## [Records from a collection]
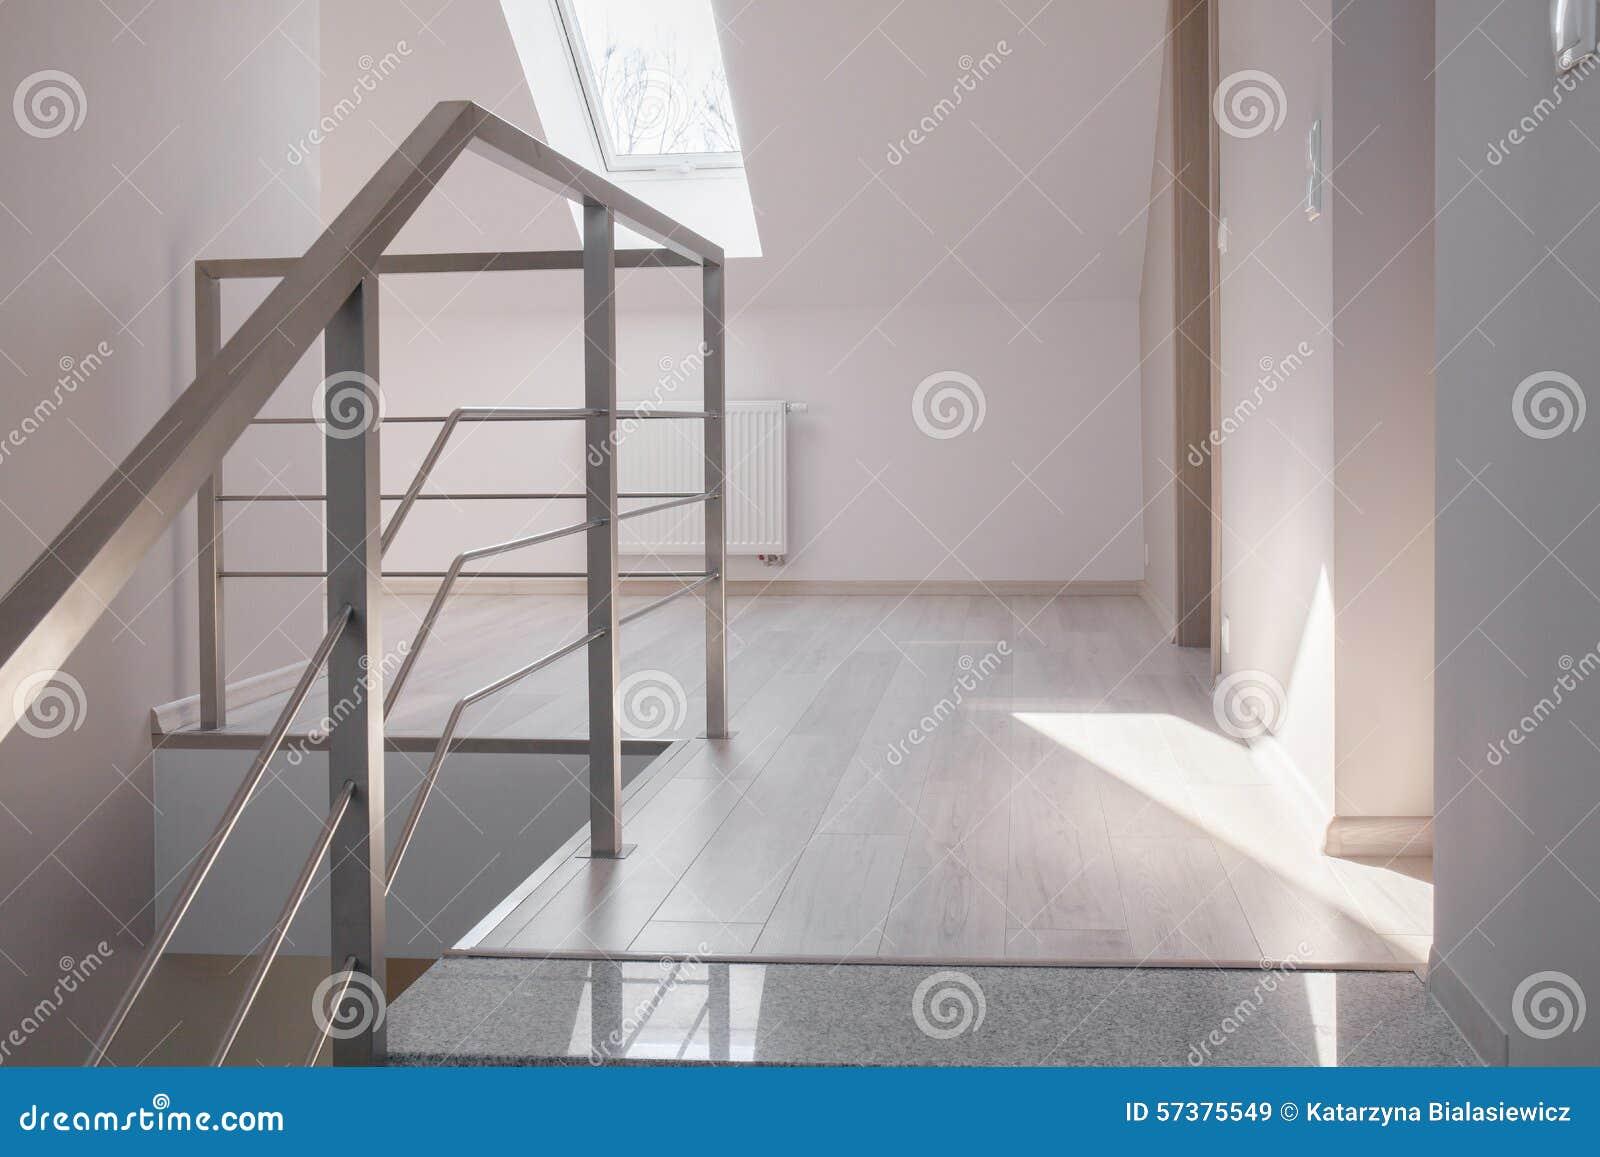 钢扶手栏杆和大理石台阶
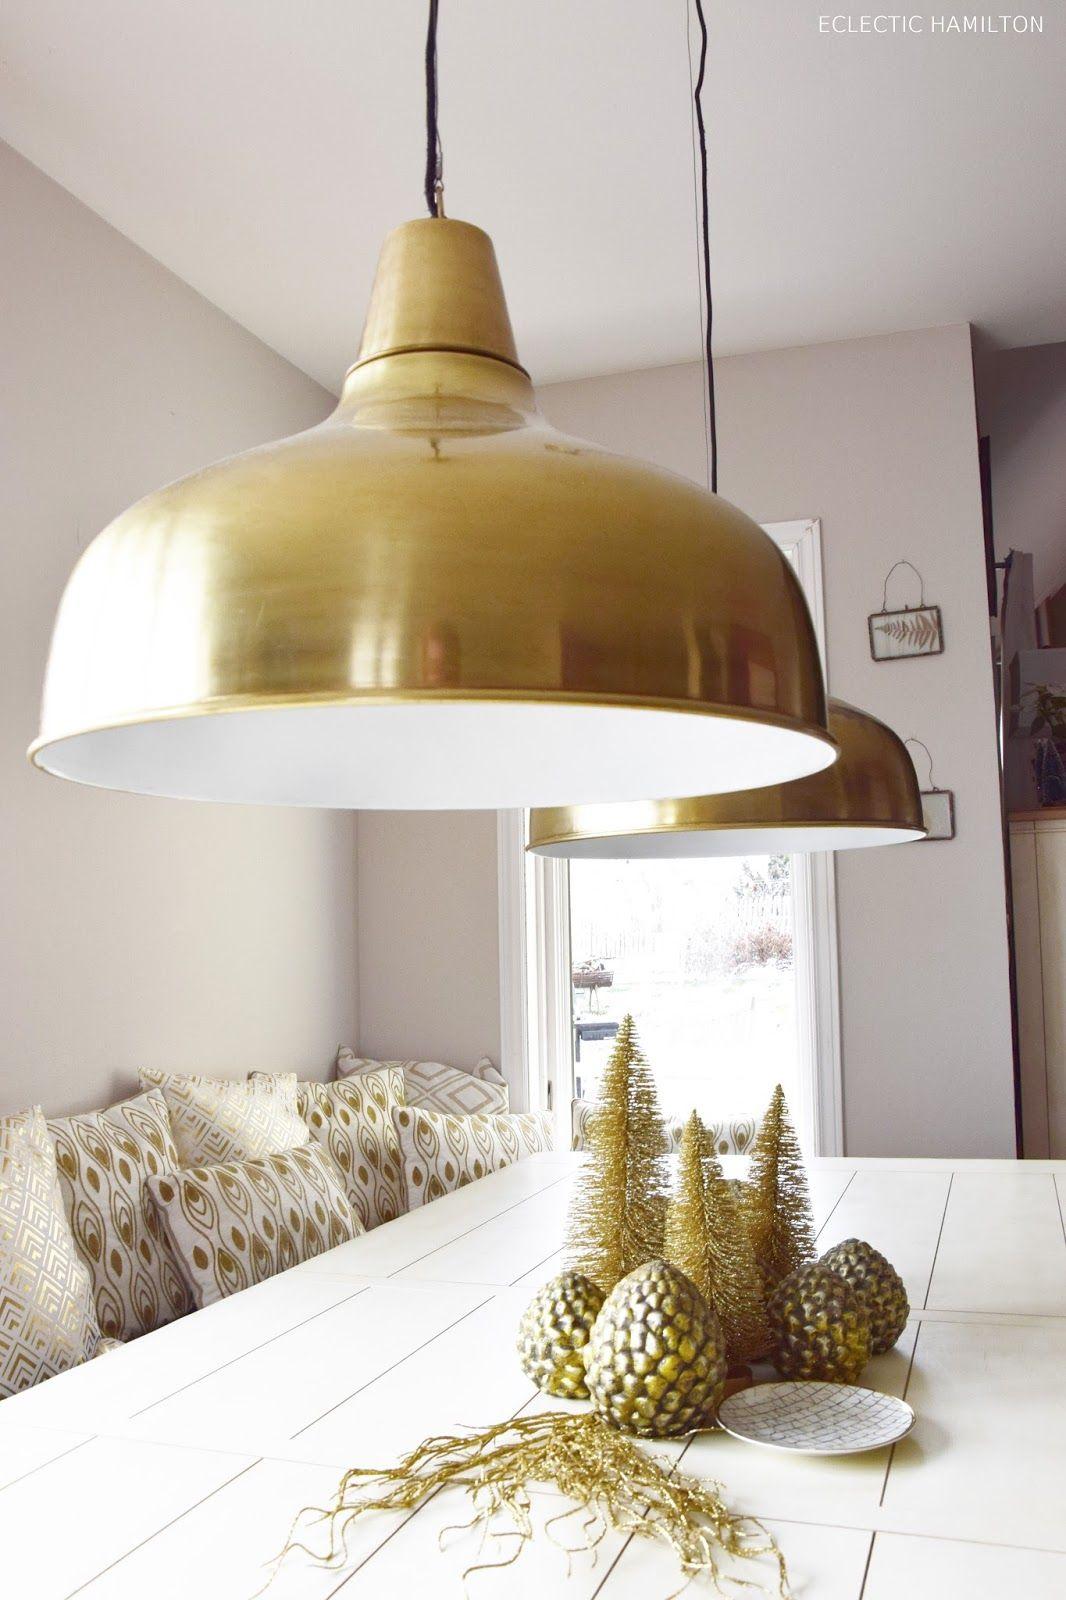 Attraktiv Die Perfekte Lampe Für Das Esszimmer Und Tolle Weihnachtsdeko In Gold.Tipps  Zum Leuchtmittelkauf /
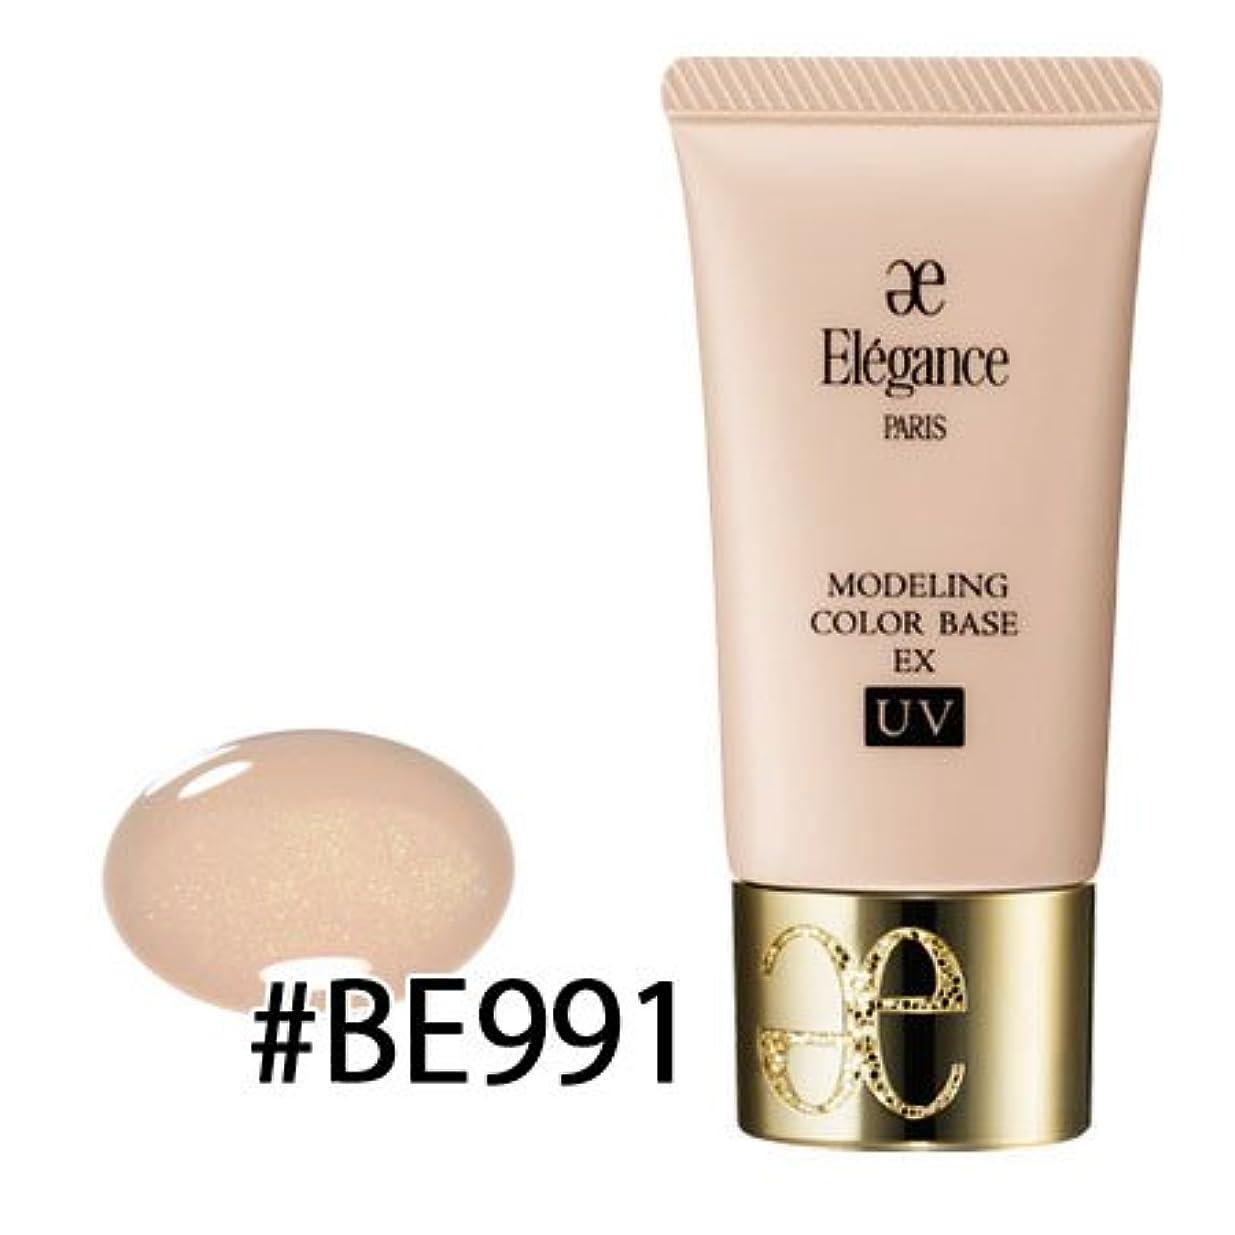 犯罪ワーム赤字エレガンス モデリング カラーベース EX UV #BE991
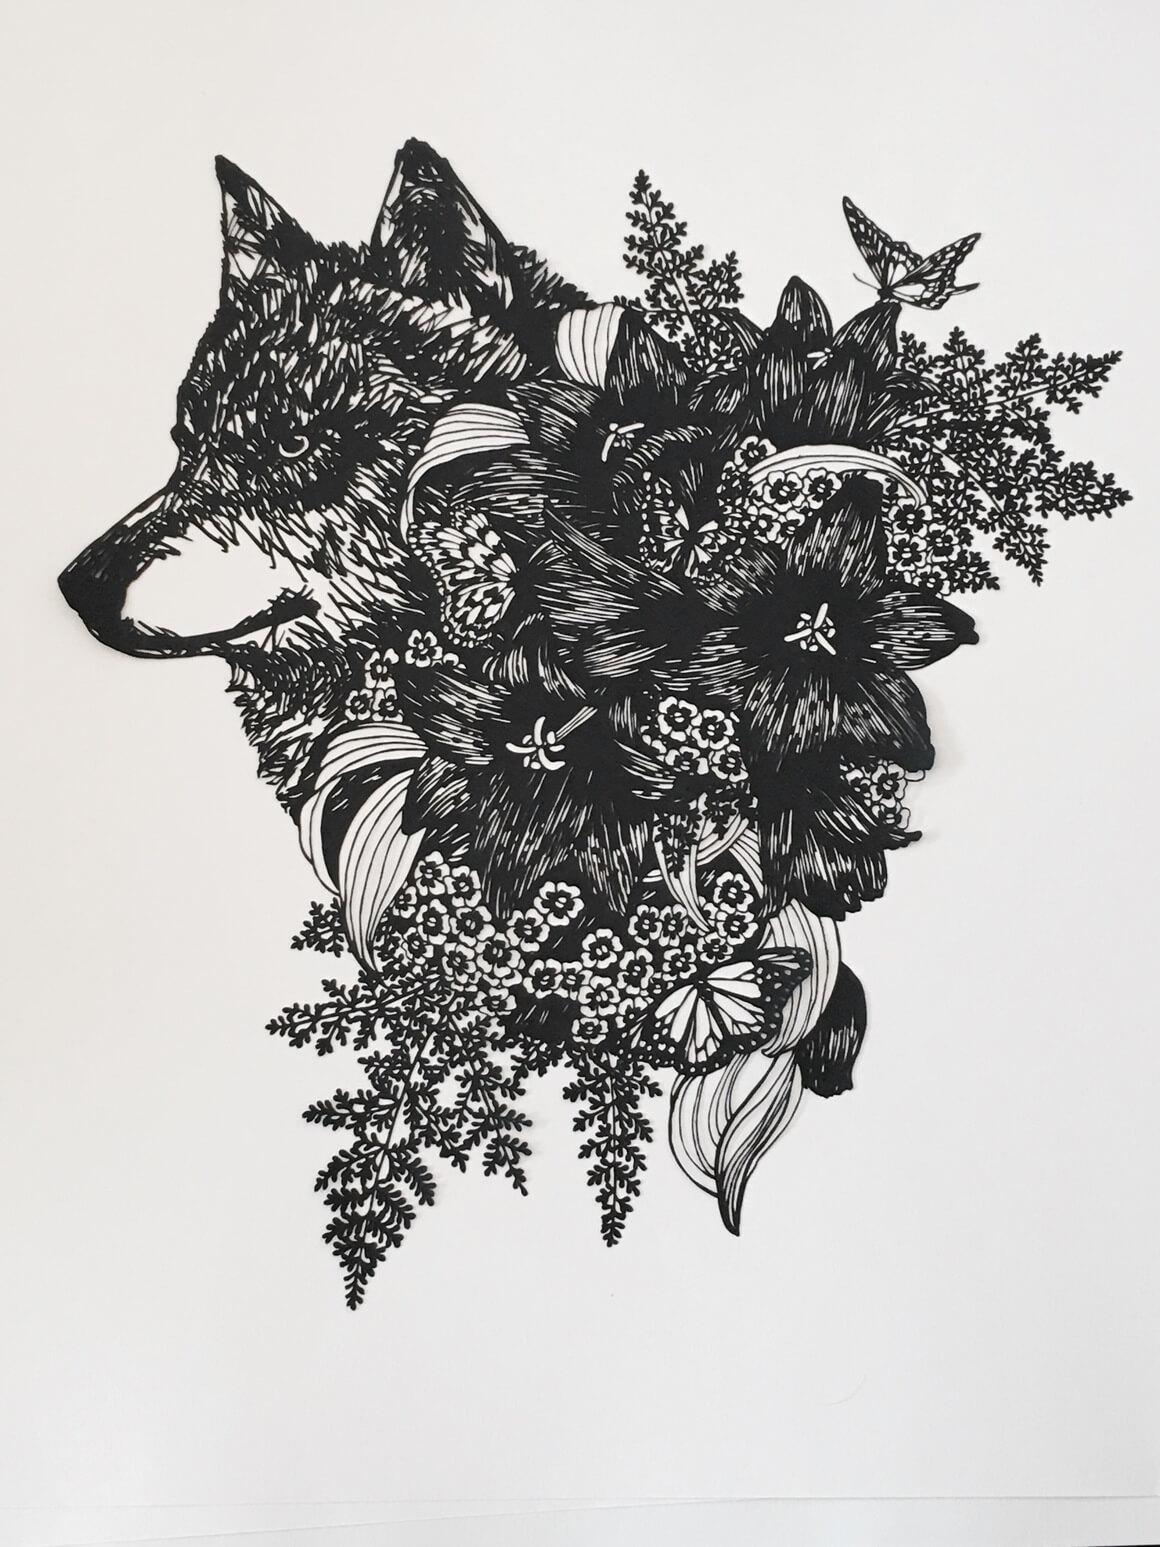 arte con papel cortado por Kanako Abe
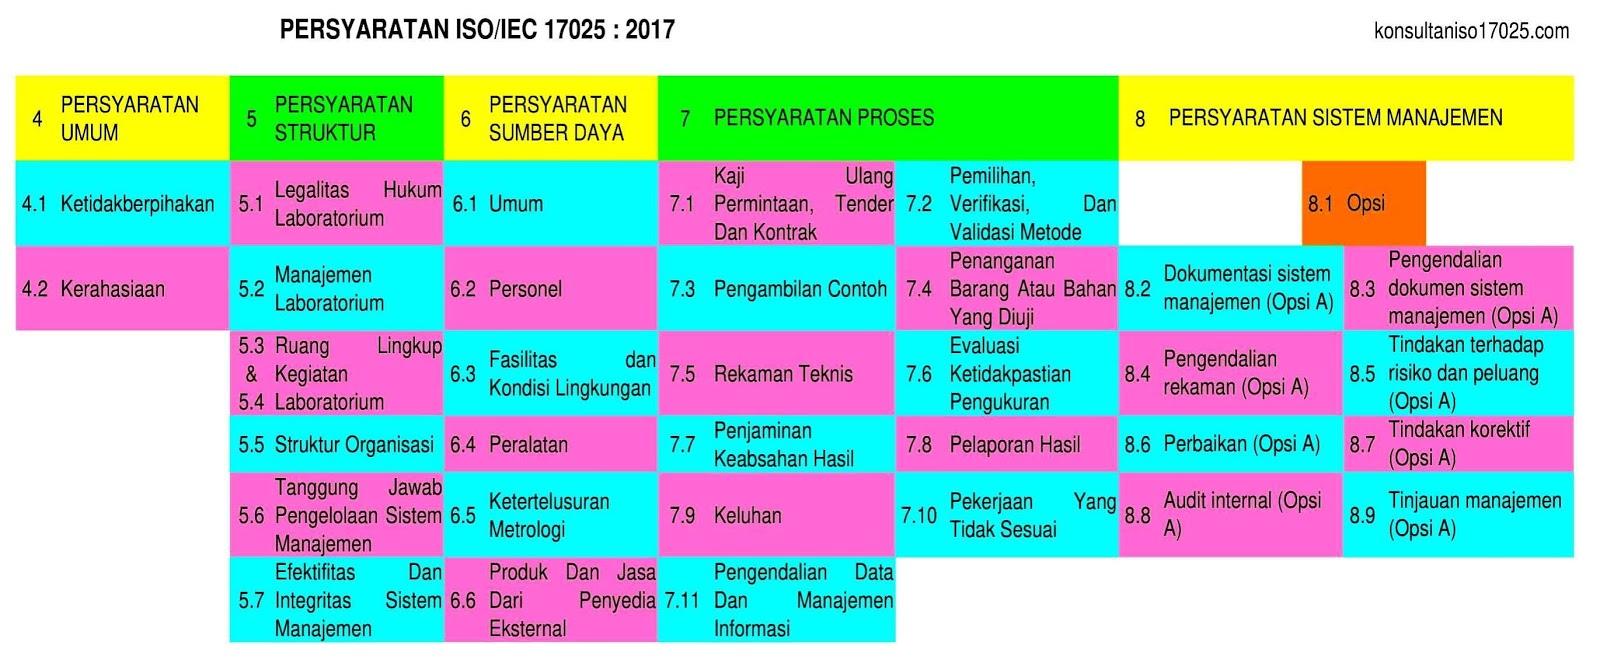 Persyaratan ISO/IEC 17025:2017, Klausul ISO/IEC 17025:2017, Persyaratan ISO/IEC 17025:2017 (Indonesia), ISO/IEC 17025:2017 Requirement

## [Work instruction]
Would you write out the data exactly, with no pictures in the copy?

## [Task answer]
 钢扶手栏杆和大理石台阶
 Attraktiv Die Perfekte Lampe Für Das Esszimmer Und Tolle Weihnachtsdeko In Gold.Tipps  Zum Leuchtmittelkauf /
 犯罪ワーム赤字エレガンス モデリング カラーベース EX UV #BE991
 arte con papel cortado por Kanako Abe
 Persyaratan ISO/IEC 17025:2017, Klausul ISO/IEC 17025:2017, Persyaratan ISO/IEC 17025:2017 (Indonesia), ISO/IEC 17025:2017 Requirement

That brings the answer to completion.